I had a quick question surrounding your solution: are you passing around the virtualenv as the output to your package? If so, are you then sourcing it with every new package?

Thanks again!


#4

Hi @bixu, any update on my question? Currently, we’re passing around venv folders as a result of the build, but I’m wondering if this is unnecessary.


#5

When we

push_runtime_env   PYTHONPATH      "${pkg_prefix}/lib/python${python_major_version}/site-packages"

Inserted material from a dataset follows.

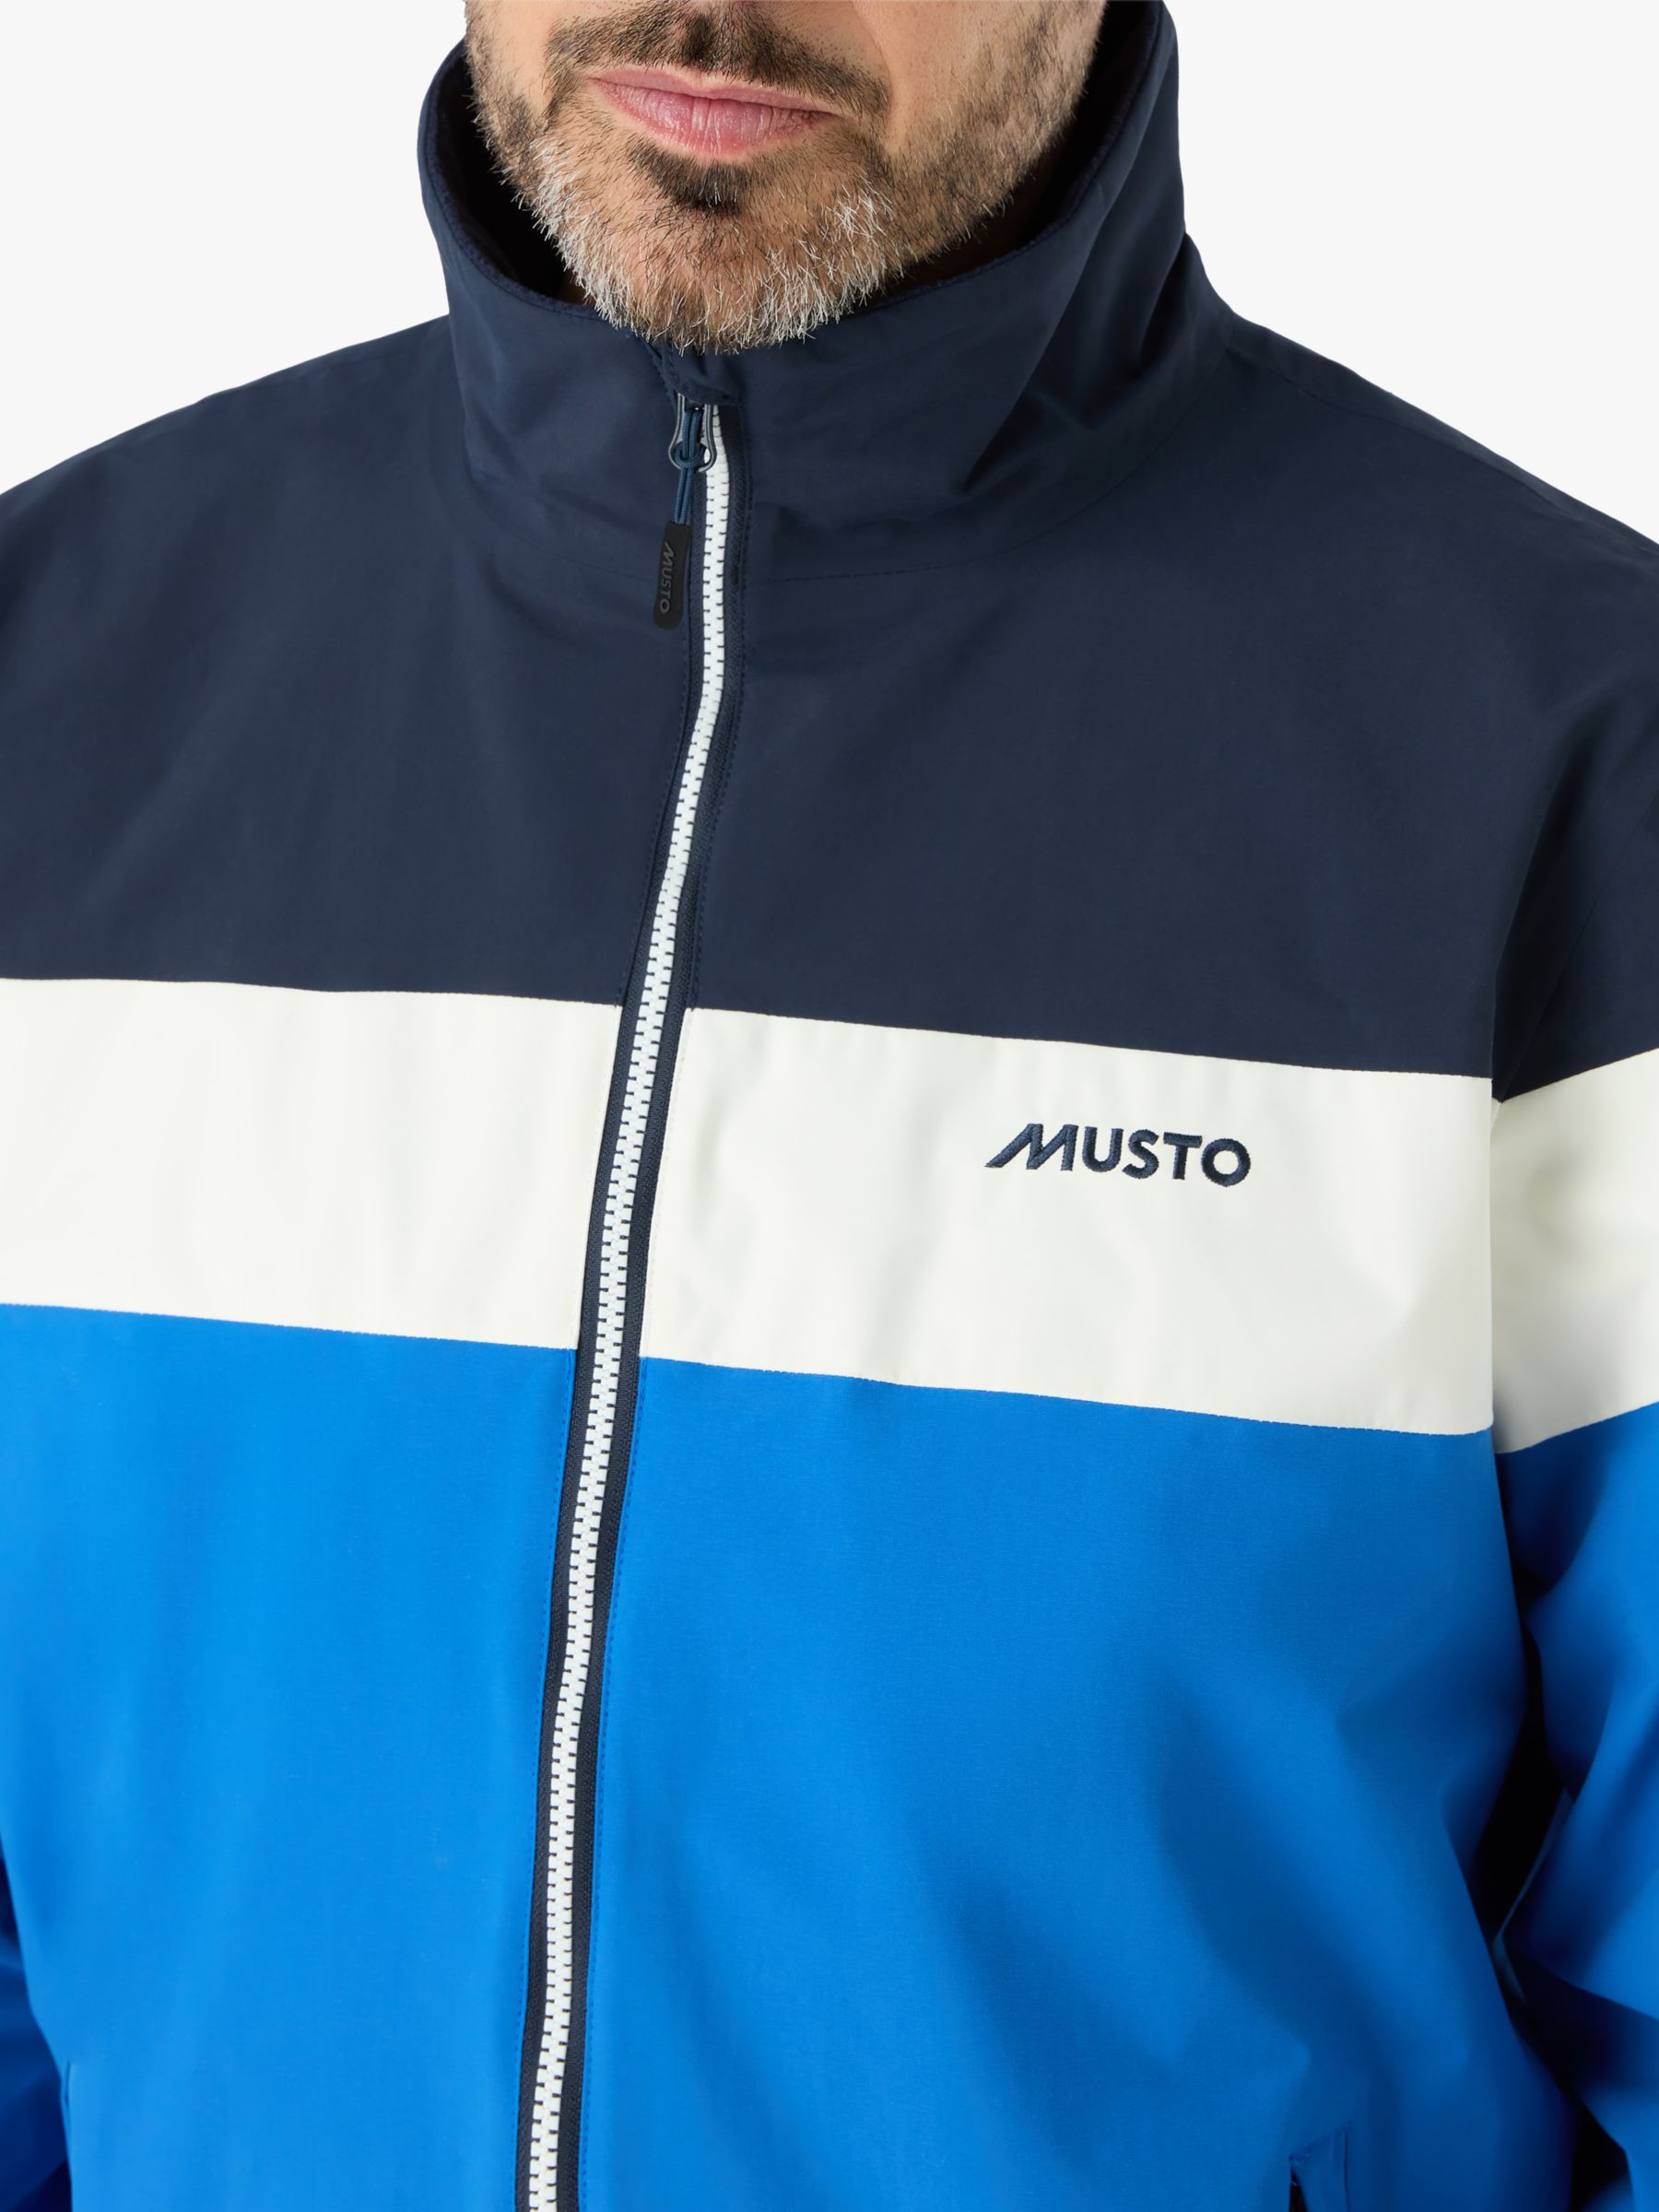 Musto Polartec 64 Colour Block Full Zip Fleece, Aruba Blue/Navy, L

we are propagating the location of the modules we installed with virtualenv to any packages that depend on our Python module package. So we are getting the files into place with virtualenv but don’t use it after that because Habitat’s aggregation of paths into a single concatenated PYTHONPATH is doing the same thing that source ./bin/activate would.


#6

@bixu Ahhhh that makes a lot more sense! Thank you!


#7

Very happy to help! Python magic in Habitat is less magical than one might hope, I think partly because workflow patterns in the Python community are less well-defined than for languages like Ruby. For example, every Rubyist uses Bundler, but Python has Virtualenv, Pyenv and others. For us at smartB this has meant digging into Python ecosystem internals a bit, which is why we built some of the stuff I pointed you to.